The obligate parasite like, rust fungi are host specific and they have different races. Soybean (Glycine max L.) rust caused by Phakopsora pachyrhizi Sydow is most important and it is a major constraint in soybean production in the Philippines (Quebral, 1988). It has wide host range. Yeh (1981) reported 87 hosts of soybean rust. Pueraria pulcherrima is reported to be important source of initial infection of soybean by the fungus in Philippines (De La Cueva, 1994).
Anthurium andreanum Lind. is an important ornamental plants, its production is limiting due to bacterial disease commonly referred to as anthurium leaf blight caused by Xanthomonas campestris pv. Dieffenbachiae (Natural et al., 1990). The disease was observed in early 1980's in the Philippines (Divinagracia, 1983). The typical symptoms of the disease are the yellowing of the leaf margins of infected leaf area. Initially minute water-soaked 1-2 mm in diameter lesion appears, with the progress of time the affected areas develop necrosis, surrounded by bright yellow, water-soaked border (Natural et al., 1990).

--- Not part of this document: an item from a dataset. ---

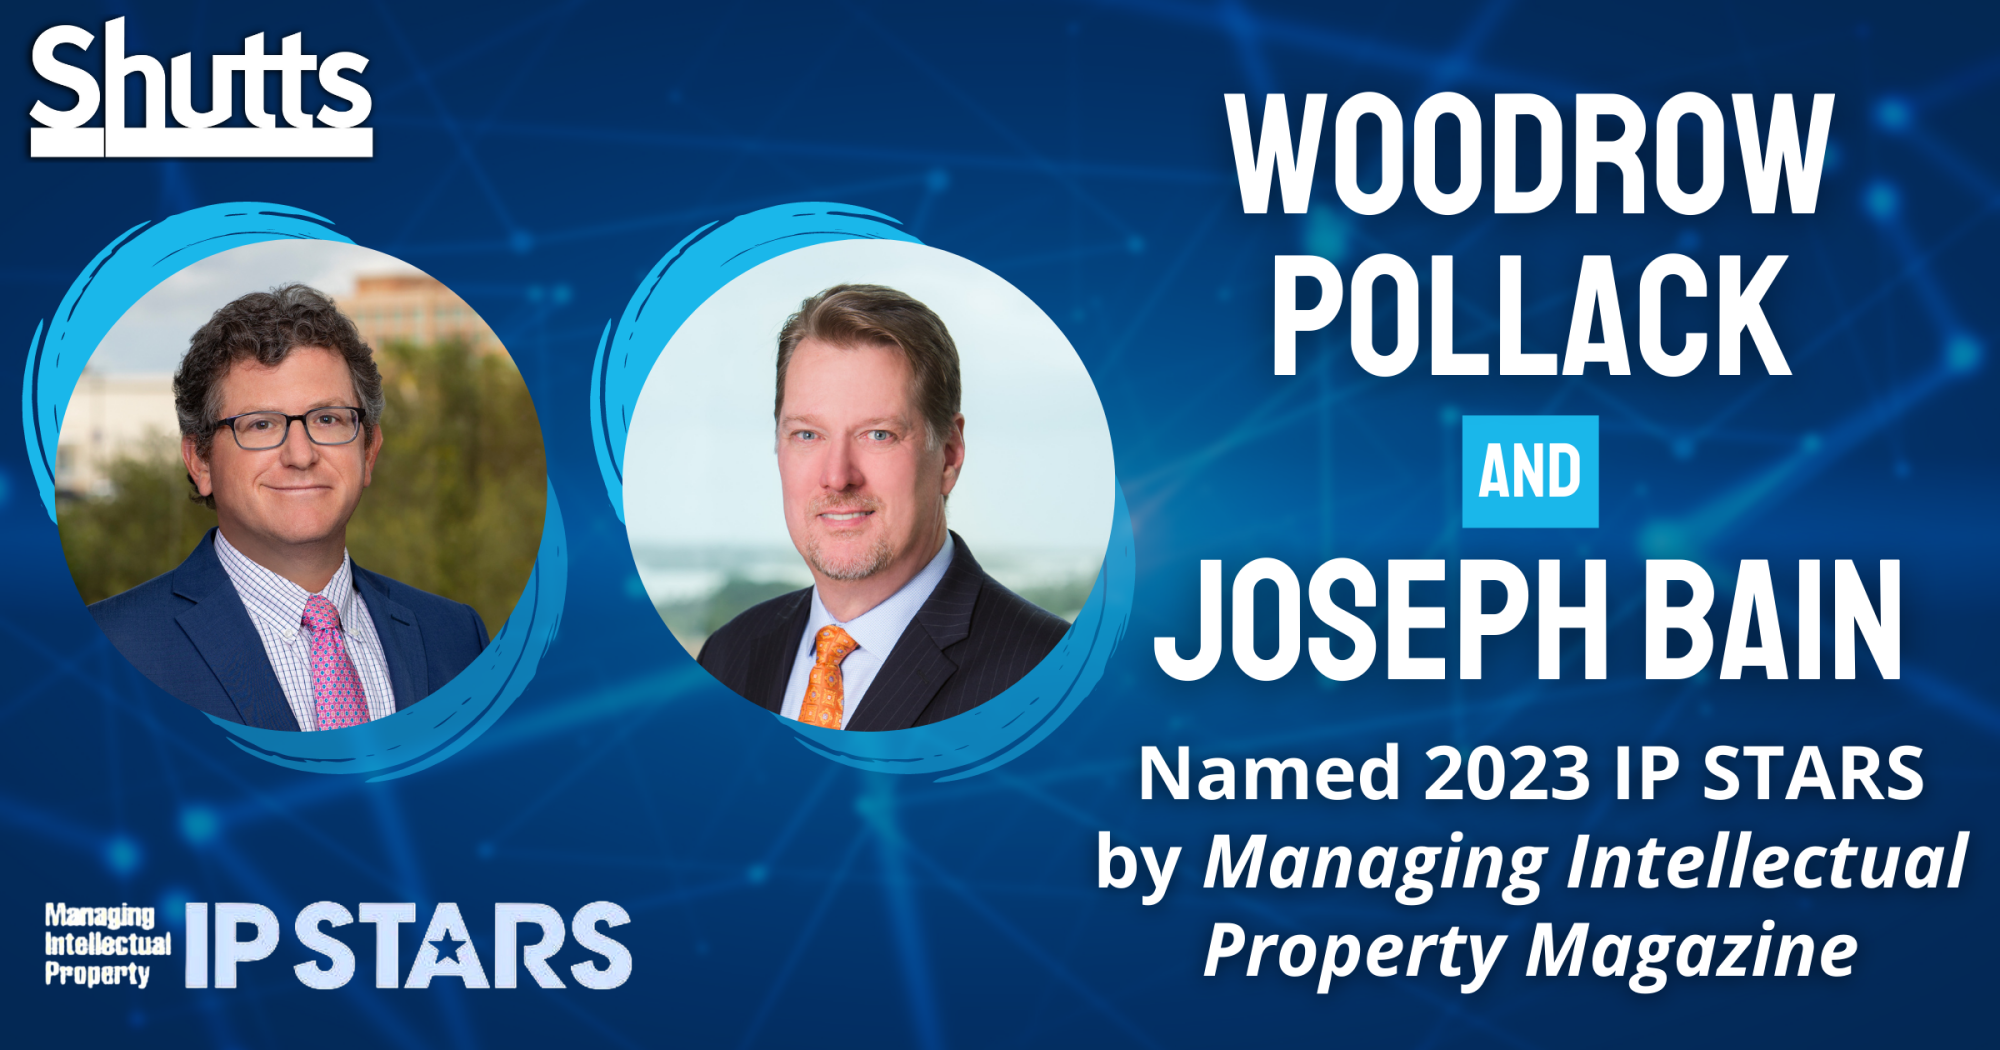 Woodrow Pollack and Joseph Bain Named 2023 IP STARS by Managing Intellectual Property Magazine

This experiment was conducted to study the histopathology of soybean rust (obligate parasite) and anthurium leaf blight (facultative parasite) for practical experience on the internal symptoms produced by these pathogens.
Materials and Methods
Soybean rust infected leaves (variety TK-5) with typical symptoms were collected from the field of the Institute of Plant Breeding (IPB), Los Banos, Laguna, Philippines and anthurium leaf blight infected leaves were obtained from the department of Plant Pathology, UPLB, Philippines. Diseased specimens were cut into small pieces (5 mm sq. size) and were preserved in Rawlin's FAA # II (50% ethyl alcohol 100 ml, formalin 10 ml and glacial acetic acid 10 ml) solution for 24 h. The glass slides were kept in the solution of potassium dichromate (20 g), concentrated sulfuric acid (100 ml) and water (100 ml) for 2 days in order to clean them and then preserved in ethyl alcohol. Haupt's adhesive were used on the slides (gelatin 1 g in 100 ml water at 90°C and after cooling at 30°C added 15 ml glycerin and 2 g of phenol) and then stored the slides in the refrigerator.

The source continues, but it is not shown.